El derecho a una nueva derecha
21-07-10 12:39 AM
| La derecha en Honduras
El derecho a una nueva derecha (Víctor Meza, julio 2010)
El “enviado especial” no pareció entender lo que a simple vista parecía un travieso juego de palabras. Al final, una vez descifrada la picaresca del código y captado el sentido último de la expresión, asintió, entre resignado e impotente, y en su rostro se dibujó una débil sonrisa de aceptación. Era cierto: Honduras, por lo visto y a juzgar por las opiniones y actitudes, tenía derecho a contar con una nueva derecha.

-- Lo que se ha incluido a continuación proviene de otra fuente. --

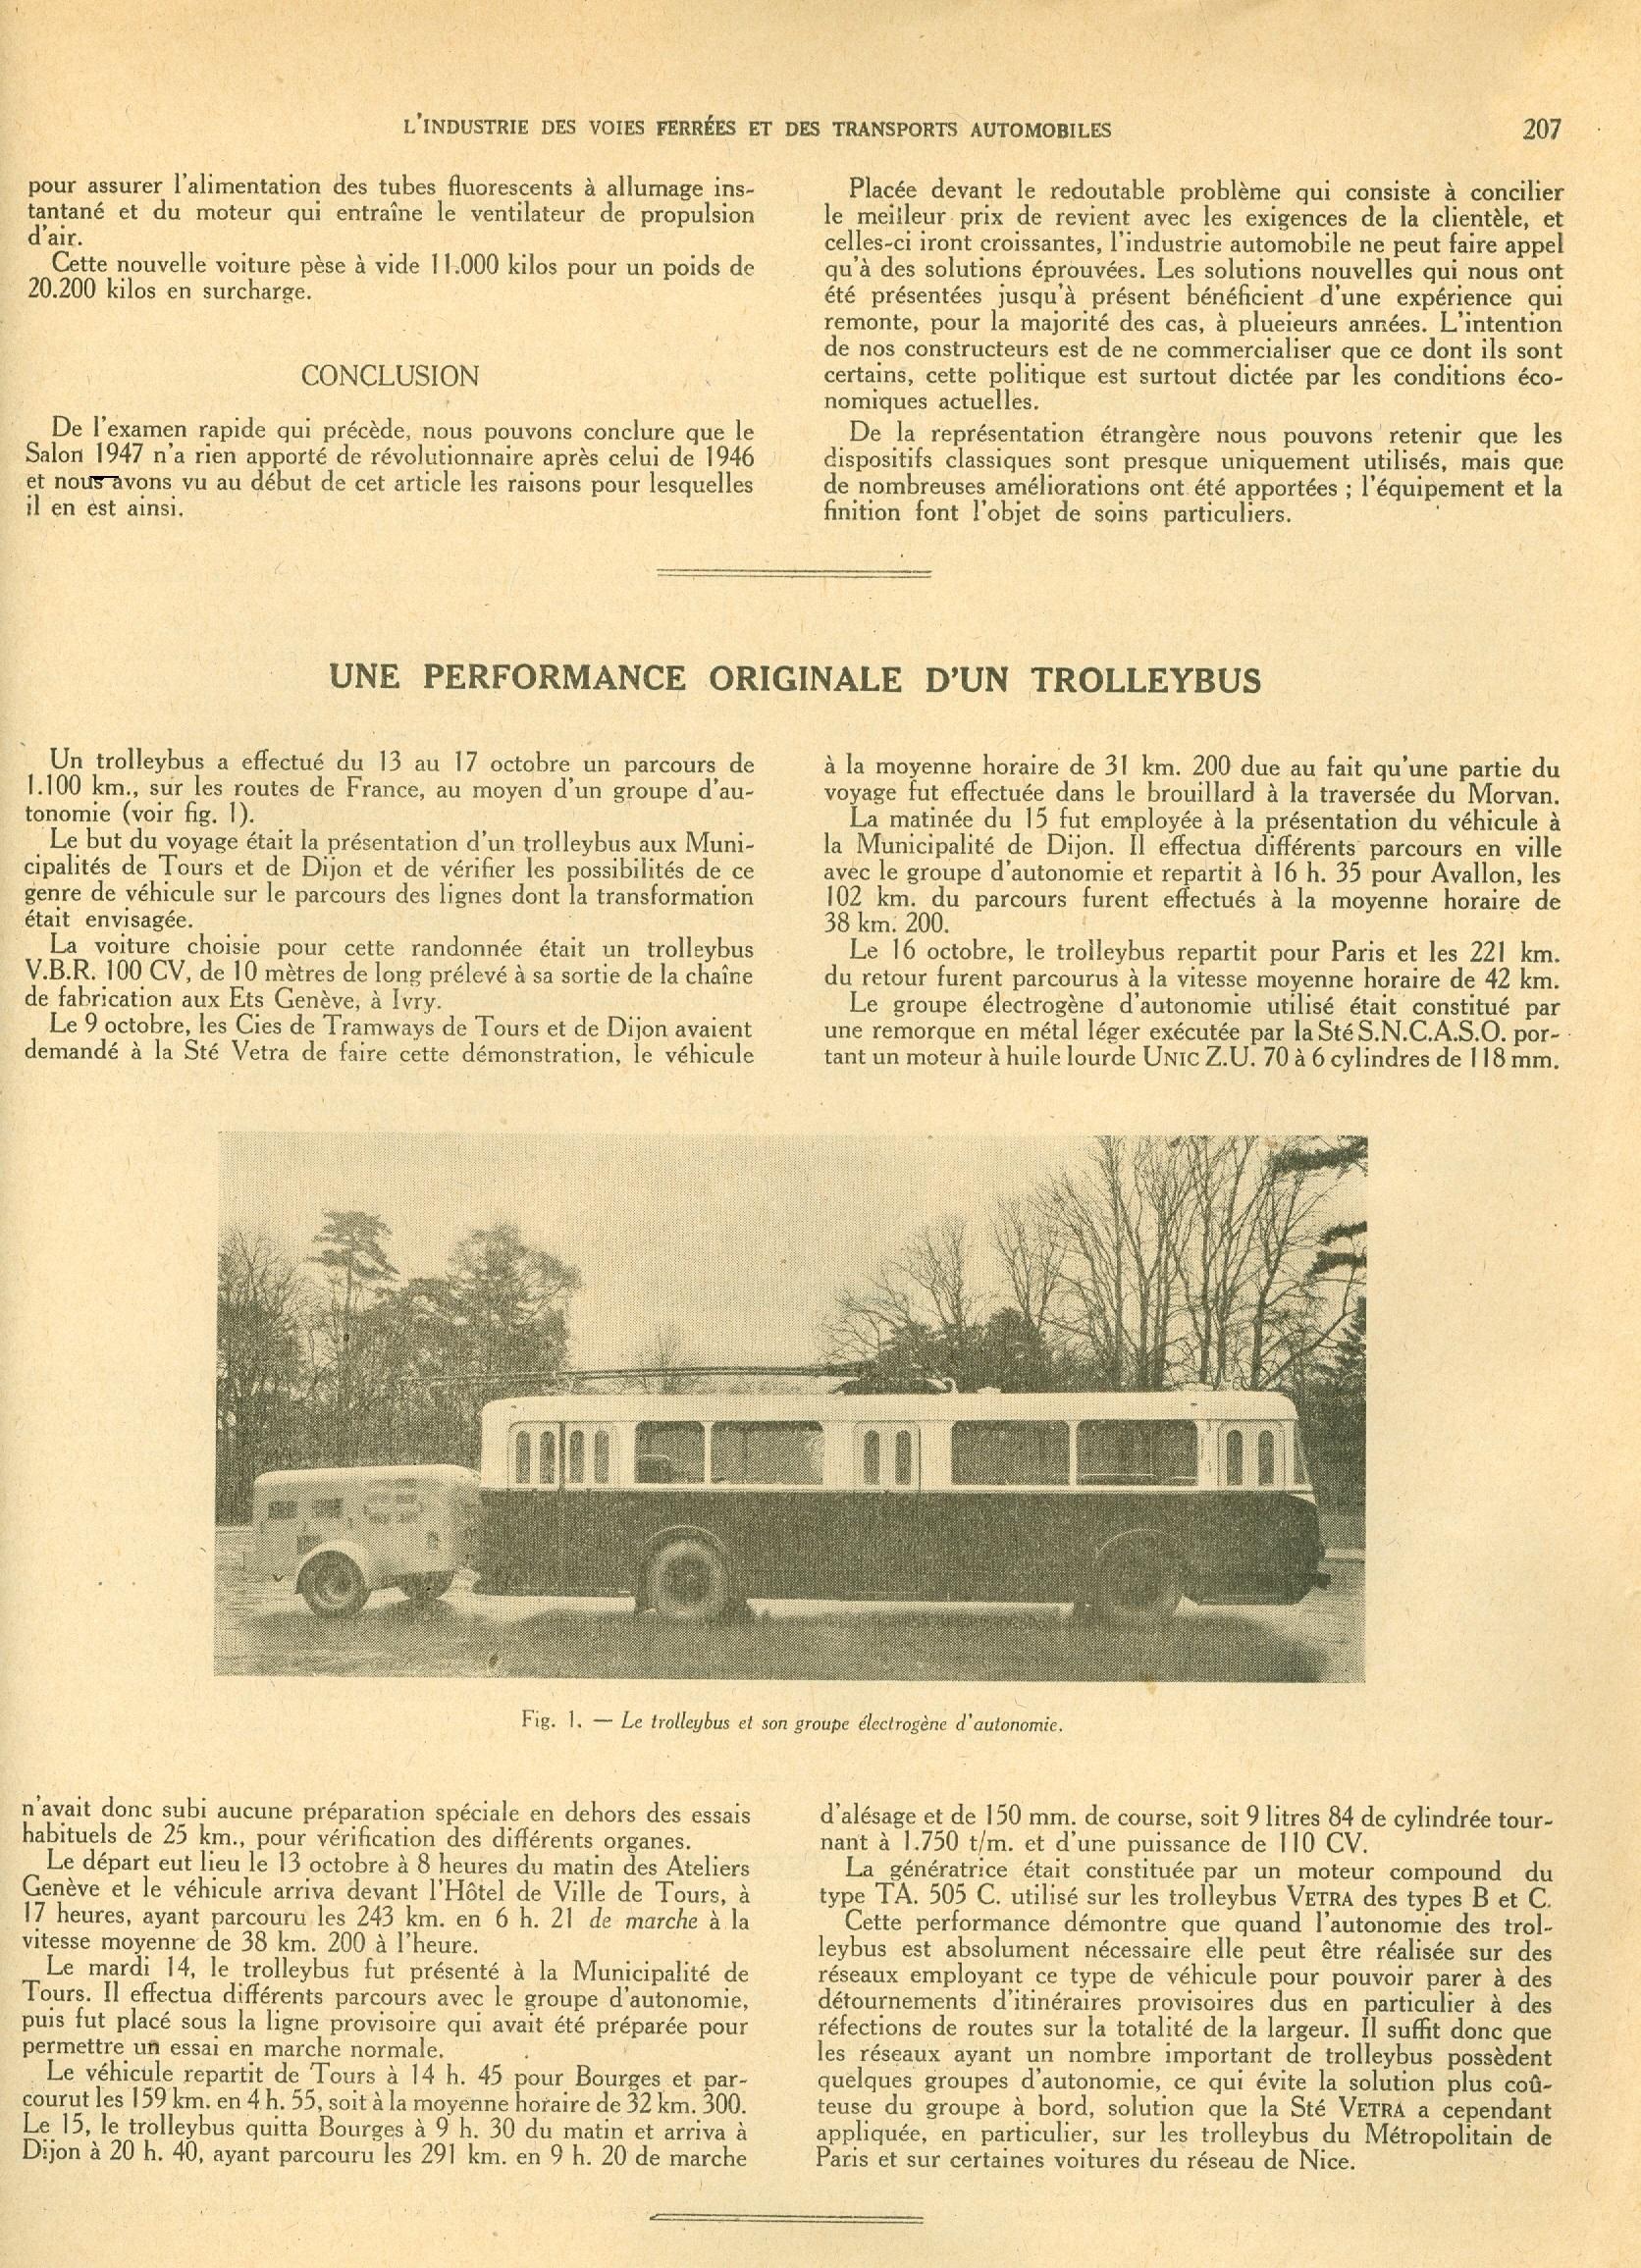 """V tomtéž časopise se bylo možné dočíst o neobvyklém putování trolejbusu typu VBR přímo ze závodu Vetry v Ivry do měst Tours a Dijon (do Dijonu přes Bourges a zpět do Paříže přes Avallon)za prezentačními účely. Cesta tohoto trolejbusového """"světoběžníkova"""" s přívěsem ukrývajícím dieselový pohonný agregát se odehrávala mezi 13. a 17. říjnem 1947."""

La frase no era fortuita ni provocadora. Era apenas el comentario inevitable luego que uno de los señores golpistas, con más ínfulas de empresario glotón que de negociador político, había proclamado su rechazo a que el General (R) Colin Powell, ex Secretario de Estado norteamericano, integrara la Comisión de Verificación del Acuerdo Guaymuras o Pacto Tegucigalpa/San José, a punto de ser firmado a finales de octubre de 2009 entre las comisiones negociadoras que representaban, cada una desde su propia conciencia, al entonces Presidente Manuel Zelaya y al golpista usurpador Roberto Micheletti. “Ese no”, dijo cortante el empresario, ante el asombro de los extranjeros que estaban presentes en aquella reunión – tertulia que, aunque informal y distendida, no dejaba de revestir gran importancia. Ese no, repitió, para luego agregar la razón suprema de su rechazo: “… porque votó por Obama…” Válgame Dios! Dicho esto, con la satisfacción de la persona a quien se le acaban de subir las ideas a la cabeza, el empresario glotón concluyó triunfante su perorata golpista, deshilachada en malos chistes y alabanzas caninas hacia el gobernante de facto.
La derecha local, golpista y fanfarrona, es una fuerza política y económica profundamente inculta y atrasada. No lee ni cultiva su intelecto, no indaga ni parece interesarse por lo que acontece en el mundo que la rodea. Es una derecha premoderna que, a veces, da la impresión de vivir todavía en el limbo oscurantista de las cavernas. Su visión del mundo es limitada y su percepción del mismo no conoce otro límite que el alcance de sus cuentas bancarias y la dimensión de sus cotidianas ganancias.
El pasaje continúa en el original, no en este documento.